Отдел 3. РОМАНТИЧЕСКИЕ ИСКУССТВА

Общий переход от скульптуры к остальным искусствам, как мы видели, вызывается принципом субъективности, который вторгается в содержание и художественный способ изображения. Субъективность представляет собой понятие духа, идеально для себя самого сущего, возвращающегося из внешней сферы в сферу бытия внутреннего. Поэтому дух больше не составляет здесь неразрывного единства со своей телесностью.

Таким образом, в этом переходе тотчас же обнаруживается растворение, расторжение того, что заключено и совмещено в субстанциальном, объективном единстве скульптуры, в фокусе ее покоя, безмолвия и завершенной округленности. Это разобщение мы можем рассматривать с двух сторон. С одной стороны, скульптура в отношении своего содержания сплела непосредственно воедино субстанциальность духа с индивидуальностью, еще не рефлектированной в себя, в качестве отдельного субъекта и благодаря этому составила объективное единство в том смысле, в каком вообще объективность обозначает нечто в себе вечное, неподвижное, истинное, не подверженное произволу и единичному случаю субстанциальное. С другой стороны, скульптура остановилась на том, что она полностью воплотила духовное содержание в телесную сферу в качестве ее животворящего и осмысляющего начала и тем самым образовала новое объективное единство в том смысле, в каком объективность обозначает внешнее реальное существование в противоположность внутреннему и субъективному.

Если мы теперь разделим эти стороны, которые скульптура впервые привела в соответствие друг с другом, то возвратившаяся в себя духовность будет противостоять не только внешнему вообще, природе, как и собственной телесности внутреннего начала, но и в области самого духовного субстанциальный и объективный элемент духа будет отличен от живой субъективной единичности как таковой, поскольку он перестает быть содержанием простой субстанциальной индивидуальности. Все эти моменты, ранее слитые воедино, становятся свободными для себя самих и по отношению друг к другу, так что они должны быть раскрыты искусством в самой этой свободе.

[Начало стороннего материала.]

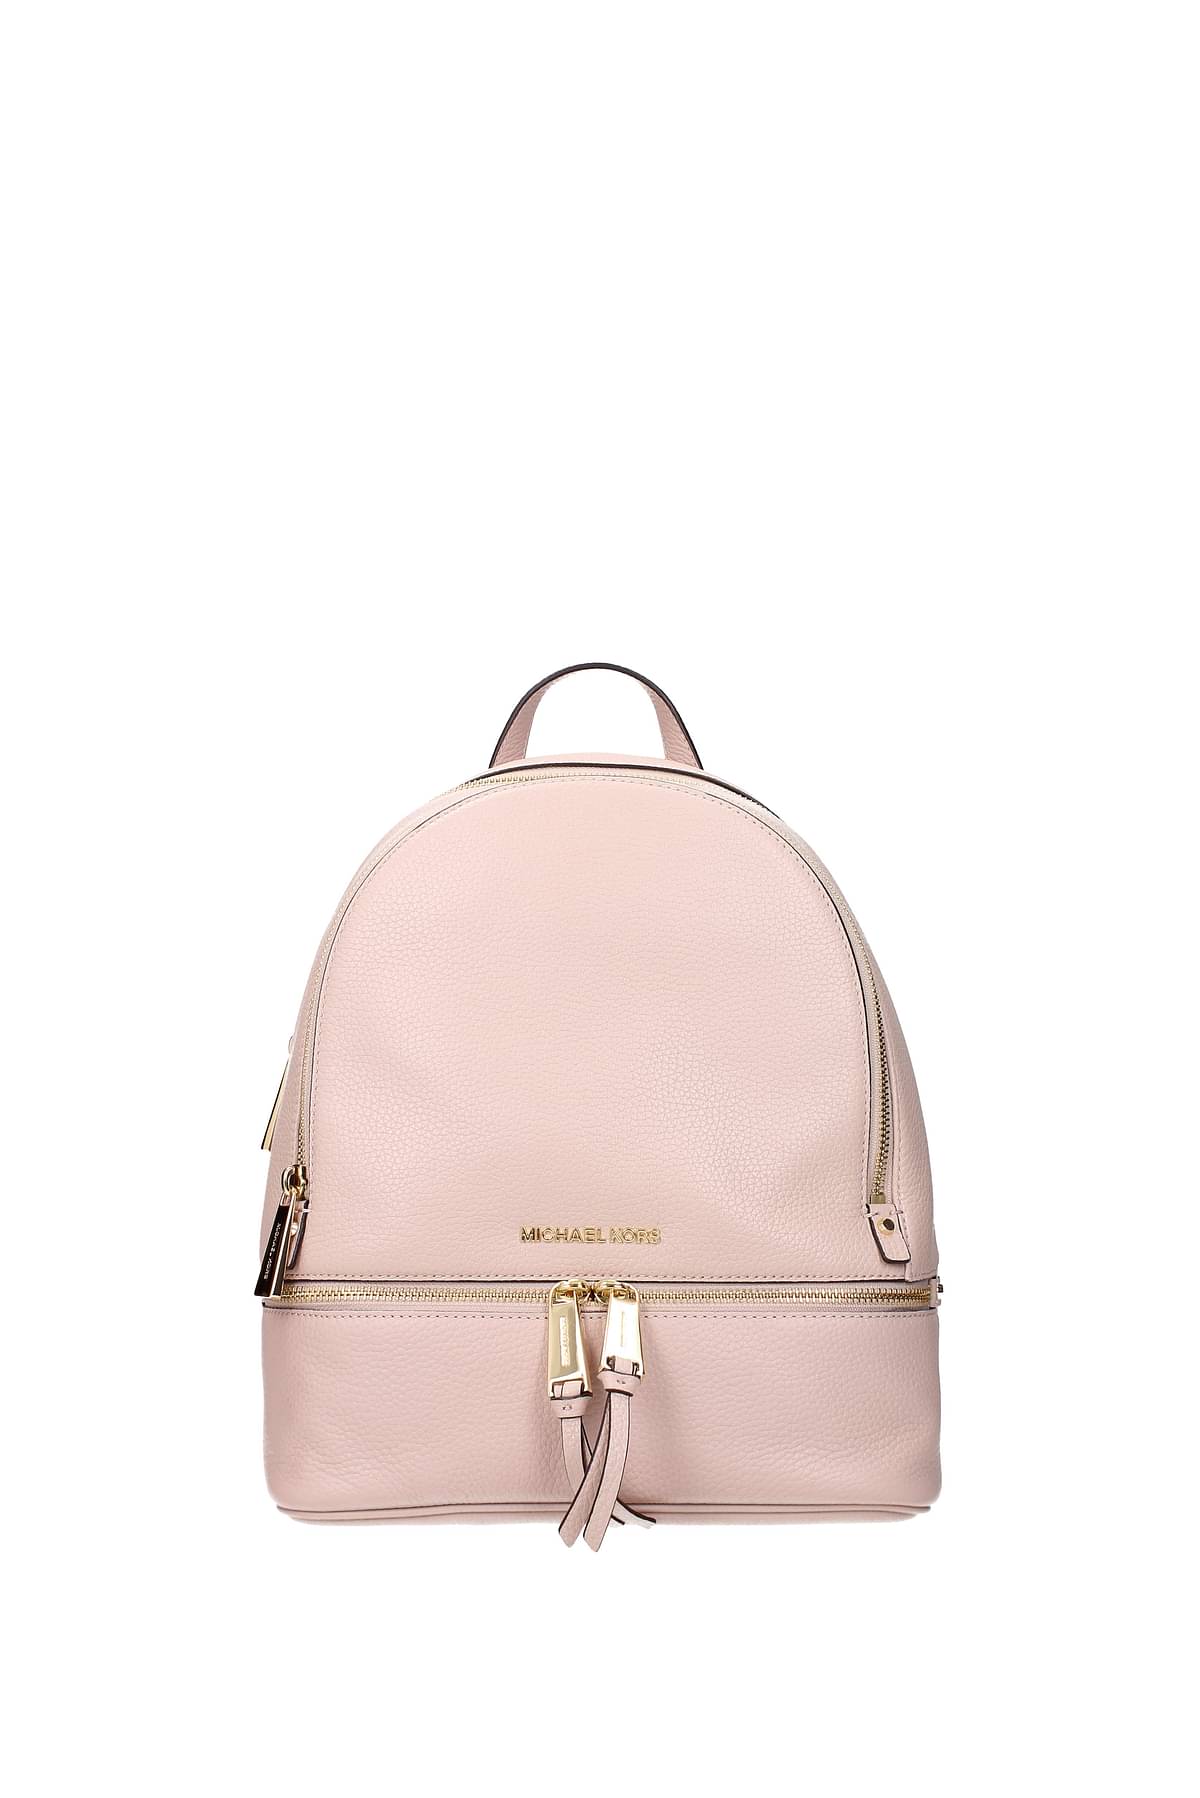 Michael Kors Backpacks and bumbags rhea zip md Women 30S5GEZB1LSOFTPINK  Leather Pink Soft Pink 260€

  1. Тем самым мы получаем по содержанию, с одной стороны, субстанциальность духовного, мир истины и вечности, божественное начало, которое в соответствии с принципом субъективности само постигается и осуществляется здесь искусством как субъект, личность, как абсолют, знающий себя в своей бесконечной духовности, как бог в духе и истине. Ему противостоит мирская и человеческая субъективность, которая не находится больше в непосредственном единстве с субстанциальным элементом духа и может раскрыться теперь во всем своеобразии человеческой жизни. Все человеческое сердца и вся полнота проявления человеческого становятся доступными искусству.Обе эти стороны в свою очередь имеют точку воссоединения: таков принцип субъективности, присущий им обеим. Поэтому абсолют является и как живой, реальный и тем самым человеческий субъект, подобно тому как человеческая и конечная субъективность, будучи духовной, оживотворяет в себе и реализует абсолютную субстанцию и истину, божественный дух. Достигнутое таким образом новое единство уже не носит больше характера указанной первоначальной непосредственности, как ее изображает скульптура; единение и примиренность, по существу, выступают в нем как опосредствование различных сторон и согласно своему понятию могут полностью раскрыться лишь во внутренней и идеальной, духовной сфере.При делении нашей науки (Эстетика, т. I, стр. 91) я уже высказался в том смысле, что если идеал скульптуры изображает чувственно и воочию достойную в себе индивидуальность бога в его полностью соответствующей ему телесной форме, то теперь этому объекту противостоит община как духовная рефлексия внутри себя. Но сосредоточившийся в себе дух может представить себе субстанцию самой духовной сферы лишь как дух и тем самым как субъект, и этим он получает принцип духовного примирения отдельной субъективности с богом. В качестве же отдельного субъекта человек обладает и своим случайным естественным бытием и более широким или ограниченным кругом конечных интересов, потребностей, целей и страстей, в котором он может раскрыть свою самостоятельность и найти удовлетворение; он может погрузить его в упомянутые выше представления о боге и в мысль о примирении с богом.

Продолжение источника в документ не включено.